Comparative example 5

The method is the same as example 1 except that spraying of the alginic acid solution and vacuuming are not included in the method.

The effect of the different treatments in example 1 and comparative examples 1-5 on the TSNAs content of the tobacco leaves and stems of cured tobacco leaves and stems in the south of the lake and of cigar cores was determined and the results are shown in tables 1 and 2 below.

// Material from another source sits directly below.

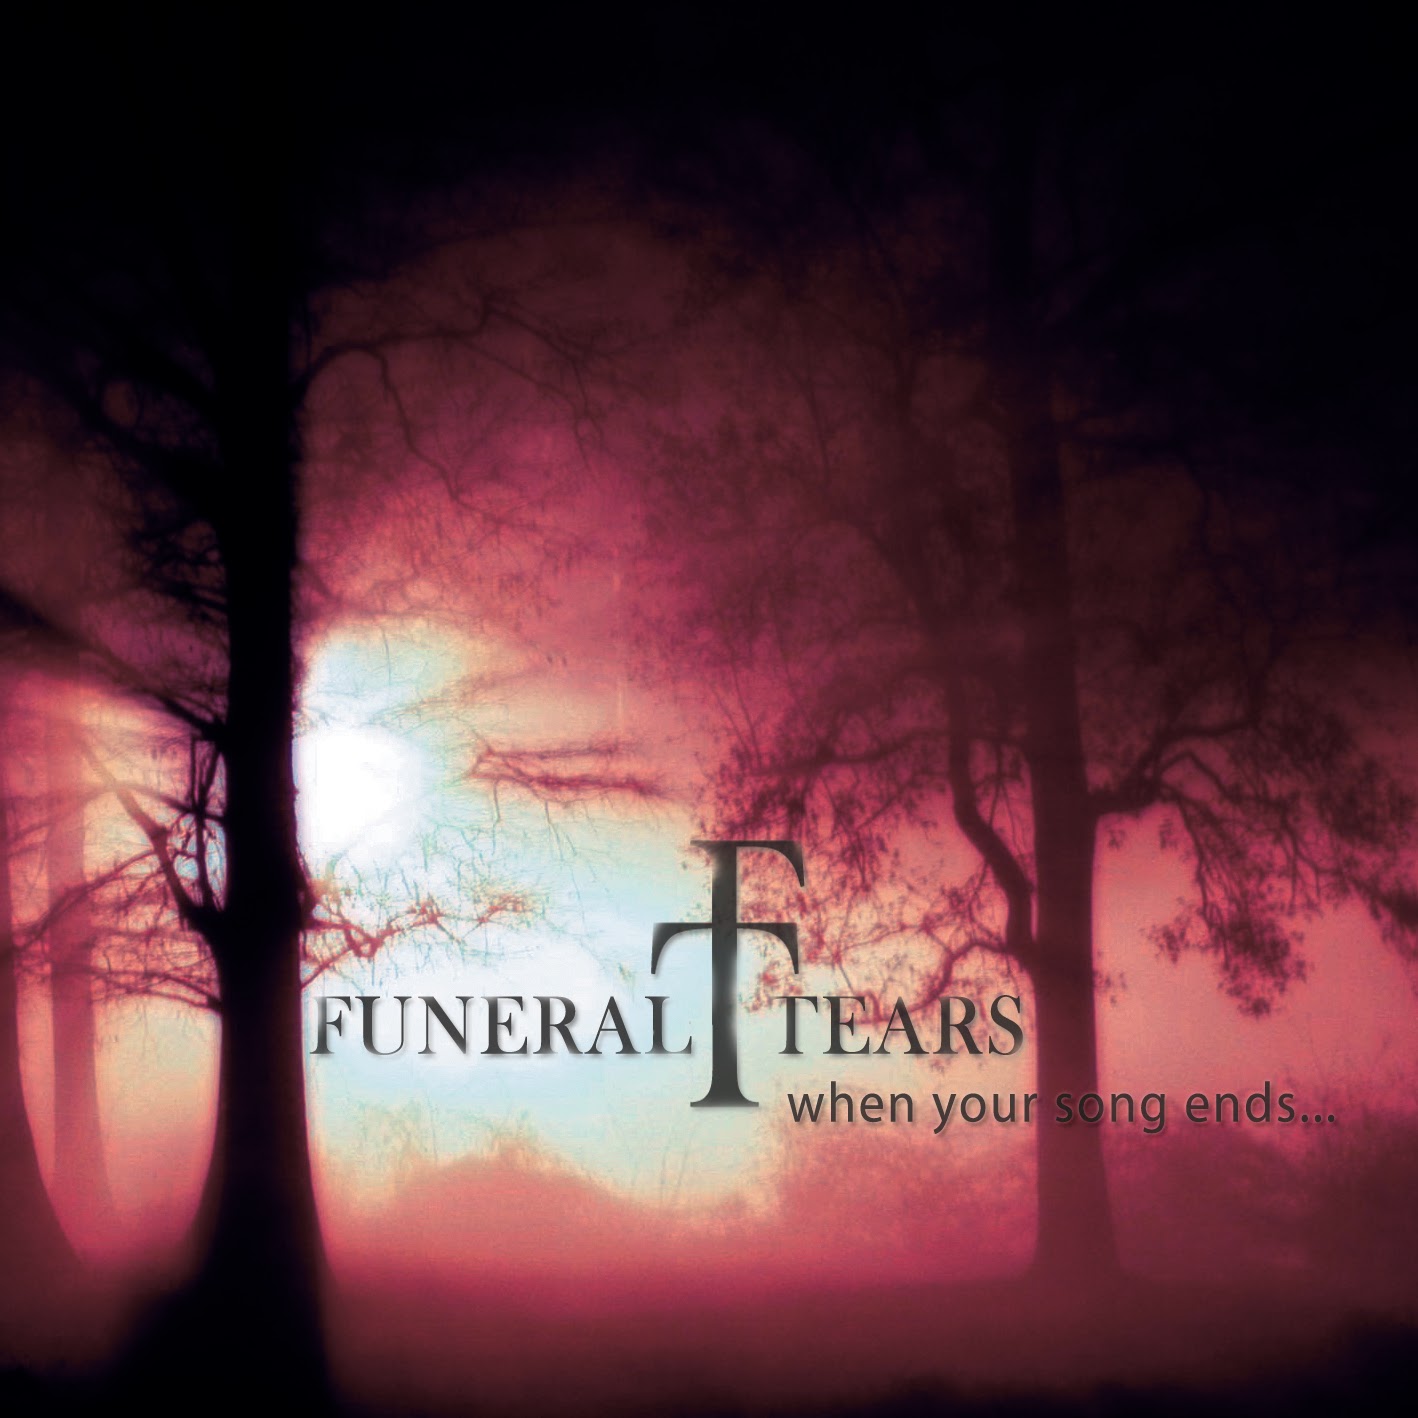 Funeral song перевод
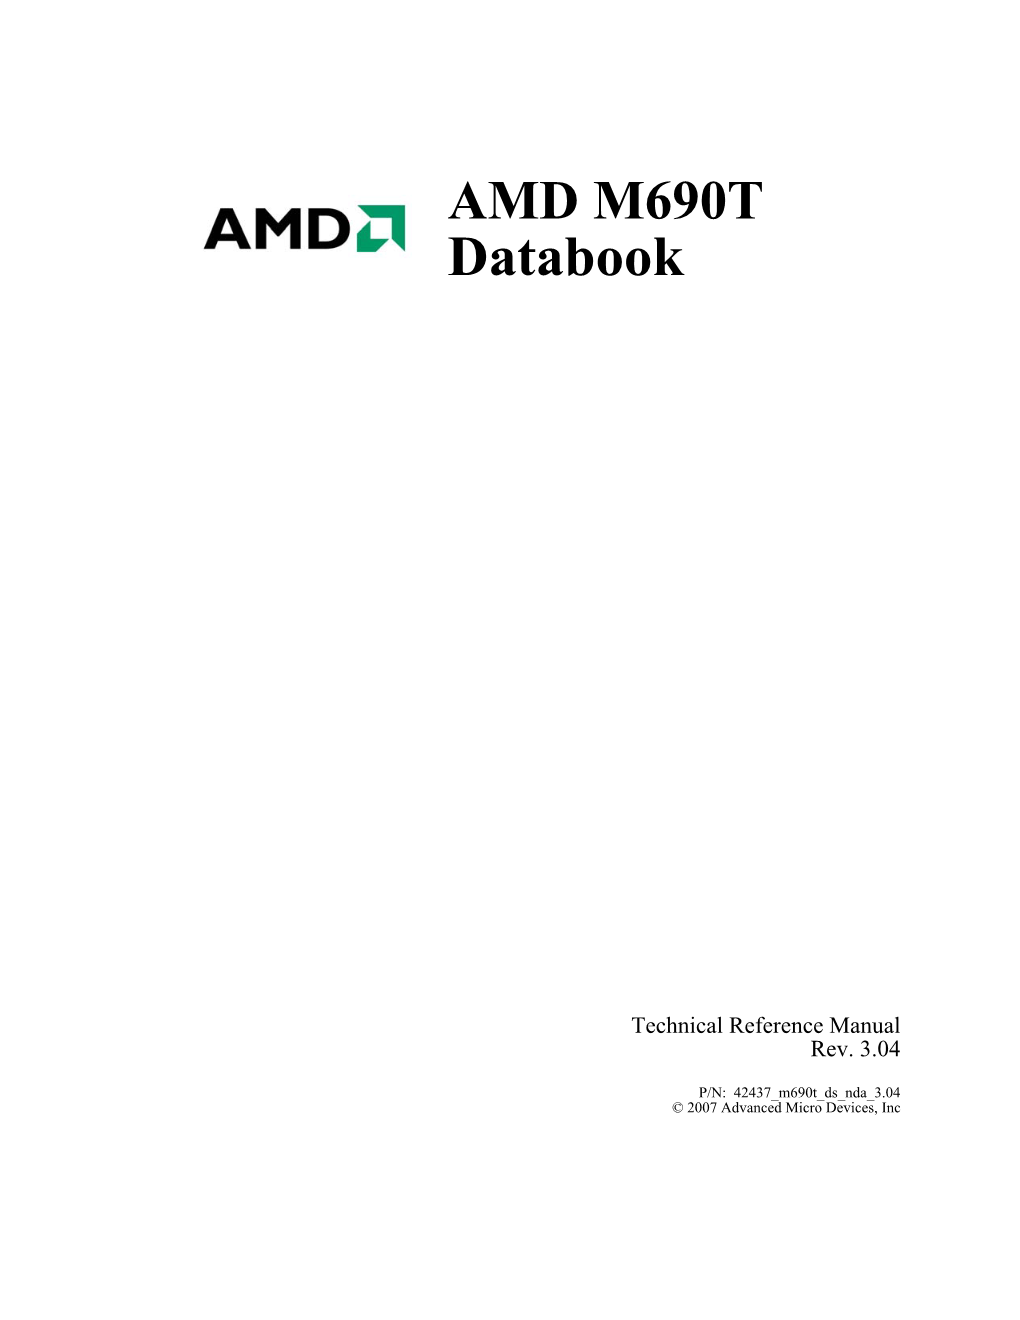 AMD M690T Databook

TABLE 1 influence of different treatment methods on TSNAs content of Hunan cured tobacco leaves and stems

TABLE 2 Effect of different treatment methods on the TSNAs content of cigar core tobacco and tobacco stems

As can be seen from tables 1 and 2:

(1) comparative examples 1-2 the samples were not evacuated and sprayed with a 1.5mol/L mass ratio of 9: 1 of Na₂CO₃-NaHCO₃In the case of a buffer (pH 9.296) and 0.1g/L trehalate solution, the total TSNAs content at 25 ℃ storage temperature was much less than 45 ℃, i.e. the total TSNAs content increased gradually with increasing storage temperature.

(2) As can be seen from tables 1 and 2, in comparative examples 3 to 5, samples were evacuated or sprayed with a 1.5mol/L mass ratio of 9: 1 of Na₂CO₃-NaHCO₃The total TSNAs content was reduced by either a buffer (pH 9.296) or by spraying with 0.1g/L of a solution of alginic acid, but was significantly lower than that of comparative example 1.

(3) Comparative example 1 compared to example 1, the total TSNAs content of the process disclosed herein at a storage temperature of 45 ℃ is significantly lower than the total TSNAs content before storage as well as at 25 ℃.

In conclusion, compared with the method before storage or during storage at normal temperature, the method disclosed by the invention can effectively inhibit the generation of nitrosamine, reduce the content of nitrosamine in the storage process of tobacco stems and leaves and reduce smoking harm.

The above-described embodiments are merely illustrative of the preferred embodiments of the present invention, and do not limit the scope of the present invention, and various modifications and improvements of the technical solutions of the present invention can be made by those skilled in the art without departing from the spirit of the present invention, and the technical solutions of the present invention are within the scope of the present invention defined by the claims.

Claims

1. A method for reducing nitrosamine in a tobacco storage process is characterized in that tobacco stems and tobacco leaves are placed in an alkaline storage environment, and then vacuum treatment is carried out after an alginic acid solution is sprayed to inhibit the generation of nitrosamine.

2. The method of claim 1, wherein the concentration of the alginic acid solution is 0.1 g/L.